FDA extends Leqembi IQLIK subcutaneous review by three months to August 24, 2026; Pierre Fabre Ebvallo reassessment continues
The FDA pushed the PDUFA date for Eisai/Biogen's once-weekly subcutaneous starting dose of Leqembi IQLIK (lecanemab-irmb) for early Alzheimer's disease from May 24, 2026 to August 24, 2026 after deeming additional sponsor information a "major amendment" — the agency has not raised approvability concerns, per an Eisai/Biogen release. Separately, the FDA continues its reassessment of Pierre Fabre's twice-rejected Ebvallo (tabelecleucel) for EBV+ PTLD following a Type A meeting, BioPharma Dive reports. Worth watching because the IQLIK delay extends launch timing for a key Alzheimer's franchise expansion at a moment when subcutaneous administration is central to broader uptake.
Capricor sues NS Pharma over deramiocel U.S. distribution agreement ahead of August 22 PDUFA
On May 7, 2026, Capricor Therapeutics filed suit in the Superior Court of New Jersey against Nippon Shinyaku and its U.S. subsidiary NS Pharma, alleging a "pricing flaw" that could block Medicare, Medicaid and commercial-payer access — and inadequate launch preparation — for deramiocel, an investigational cell therapy for Duchenne muscular dystrophy (DMD) cardiomyopathy now under FDA Priority Review with a PDUFA date of August 22, 2026 following a July 2025 Complete Response Letter, Endpoints News reports, with case detail in a Capricor press release. Capricor is seeking to rescind the deal. This signals potential friction in trans-Pacific partnerships when commercial expectations diverge, particularly for rare disease assets where pricing and launch execution are make-or-break factors.

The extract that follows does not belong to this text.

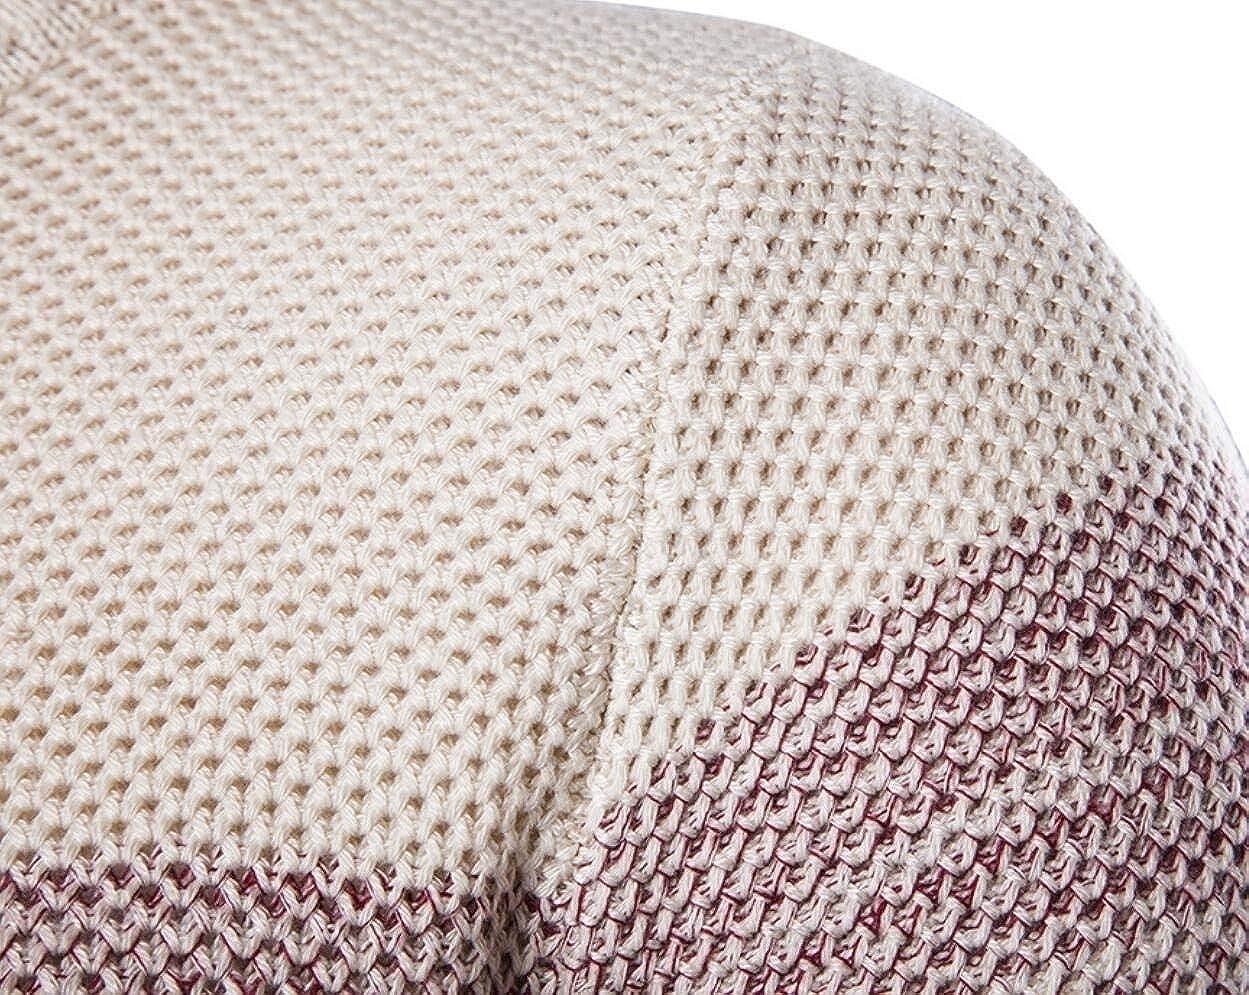 Mfasica Mens Long Sleeve Striped Printed Crewneck Knit Color Block Jumper

EMA safety committee completes May agenda covering risk management and signal assessments
The European Medicines Agency's Pharmacovigilance Risk Assessment Committee concluded its May 4-7 meeting, addressing safety signals and risk management responsibilities across its portfolio of approved medicines, according to an agency announcement. The routine meeting underscores the ongoing post-approval surveillance infrastructure in Europe. This signals that regulators continue to prioritize lifecycle safety monitoring even as approval timelines compress for novel therapeutics.
What to Watch
- Oral GLP-1 uptake dynamics — Novo's oral Wegovy momentum will test whether pill formulations can meaningfully expand the obesity market or simply cannibalize existing injectable franchises, with implications for pricing power and competitive positioning against Lilly.
- M&A pipeline targets — With Lilly and Gilead leading a deal resurgence focused on oncology and autoimmune assets, expect heightened competition for late-stage programs in these categories and potential valuation inflation for promising preclinical platforms.

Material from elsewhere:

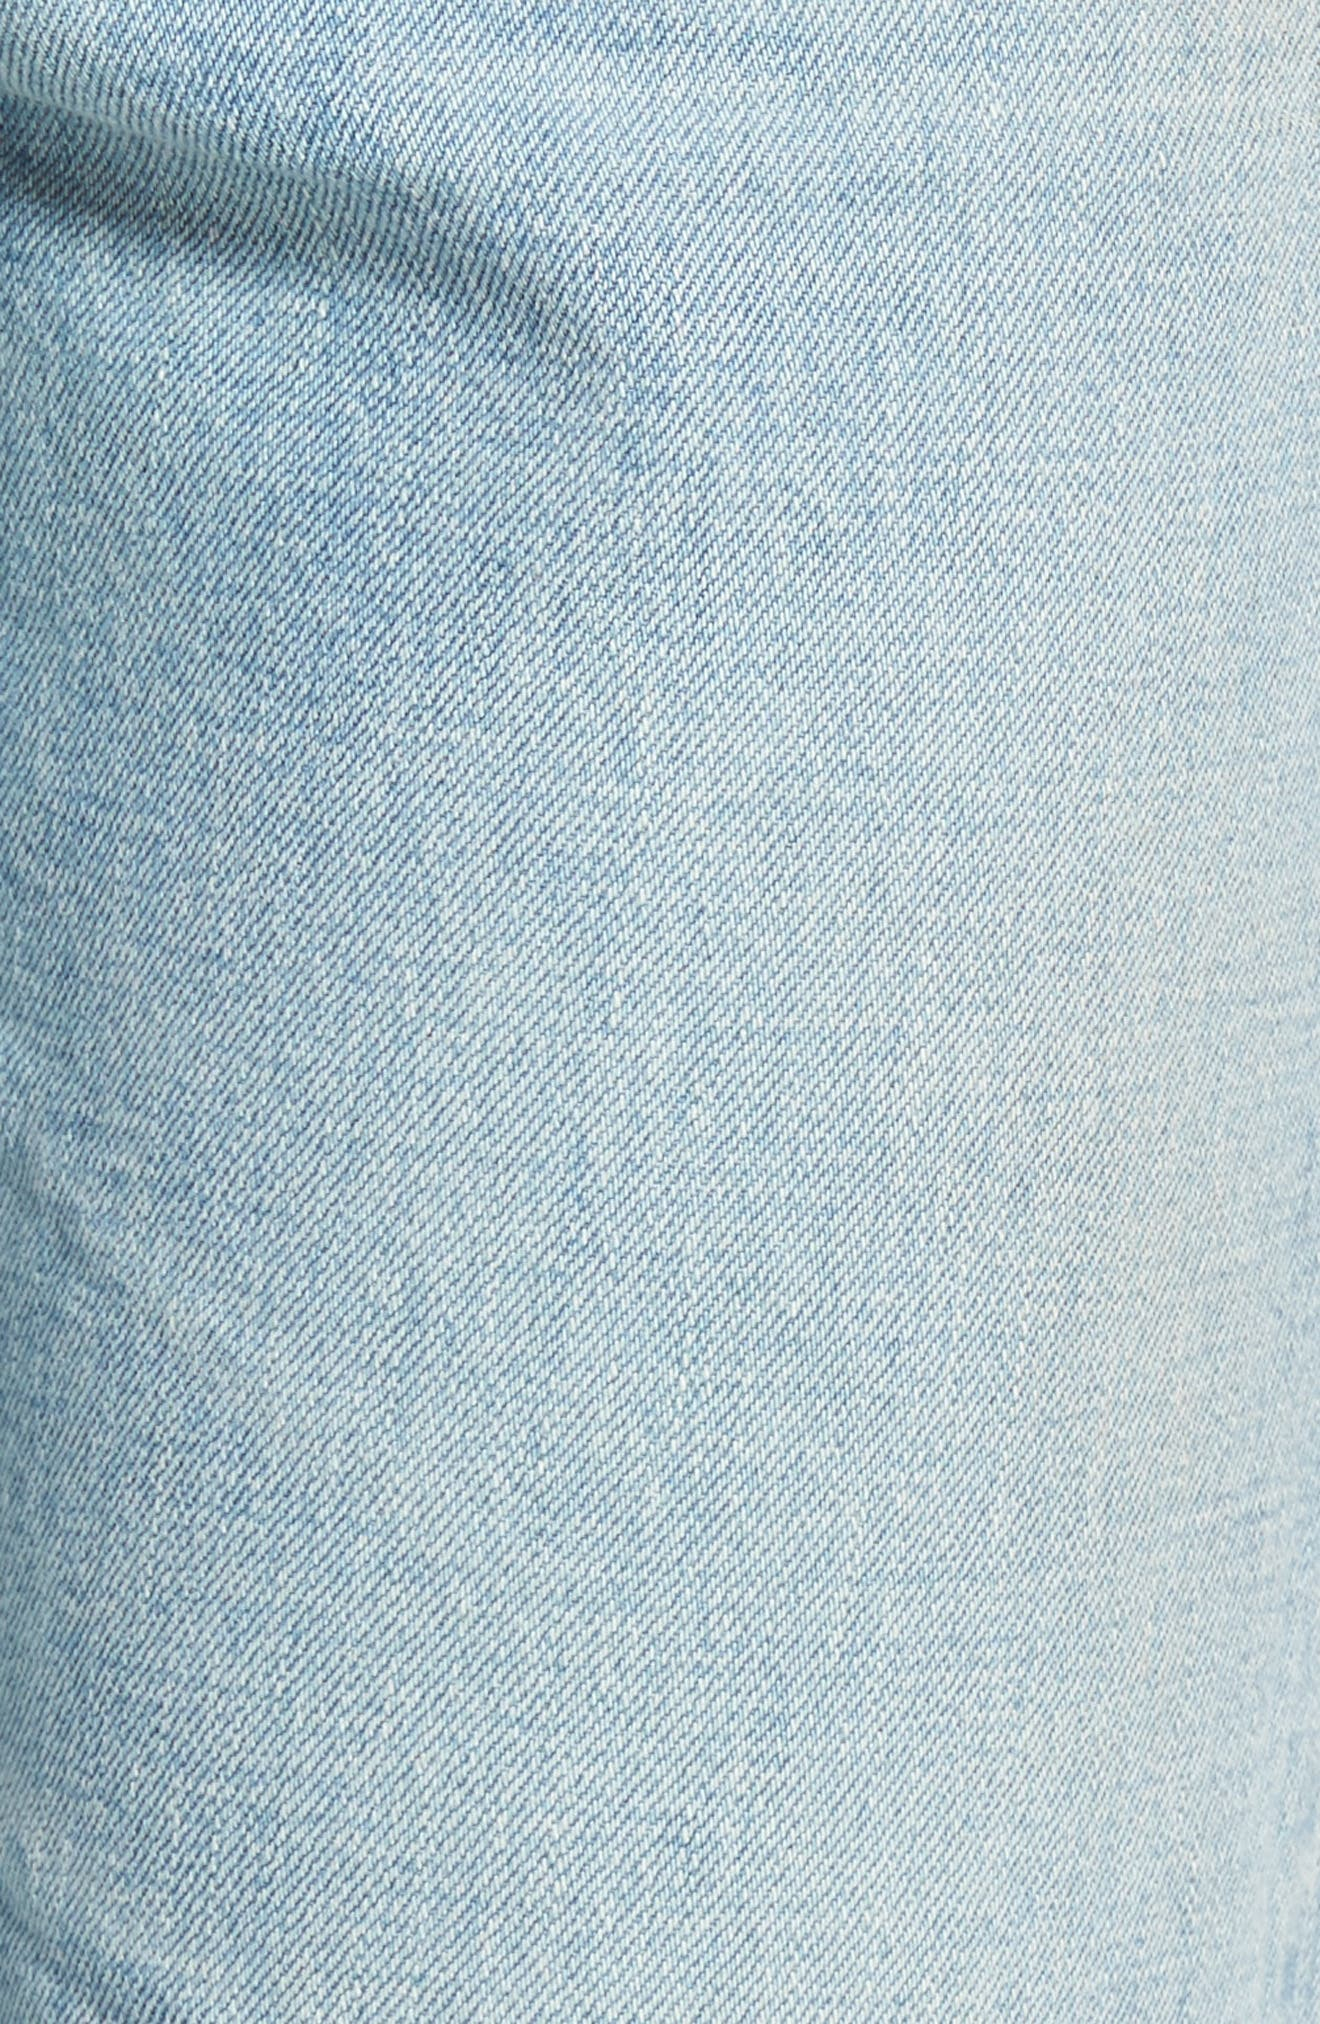 The Rhett Vintage High Waist Crop Jeans,                             Alternate thumbnail 15, color,

- Mifepristone precedent implications — The Supreme Court decision on FDA authority over mifepristone could set a precedent affecting regulatory predictability across the pharmaceutical sector, particularly for products facing political or social controversy.
Market Snapshot
- GLP-1 franchise expansion: Both Novo Nordisk and Eli Lilly are racing to expand their obesity franchises through new formulations and indications, with oral versions potentially addressing the estimated 60-70% of eligible patients who remain untreated due to injection aversion.
- M&A volume acceleration: Deal activity in 2026 is substantially outpacing 2025 levels, driven by large-cap pharma seeking to offset looming patent expirations and bolster pipelines in high-value therapeutic areas like oncology and immunology.
- Rare disease partnership risks: The Capricor-Nippon Shinyaku dispute highlights the commercial complexities in rare disease partnerships, where pricing strategies and launch execution disagreements can derail programs even after regulatory milestones are achieved.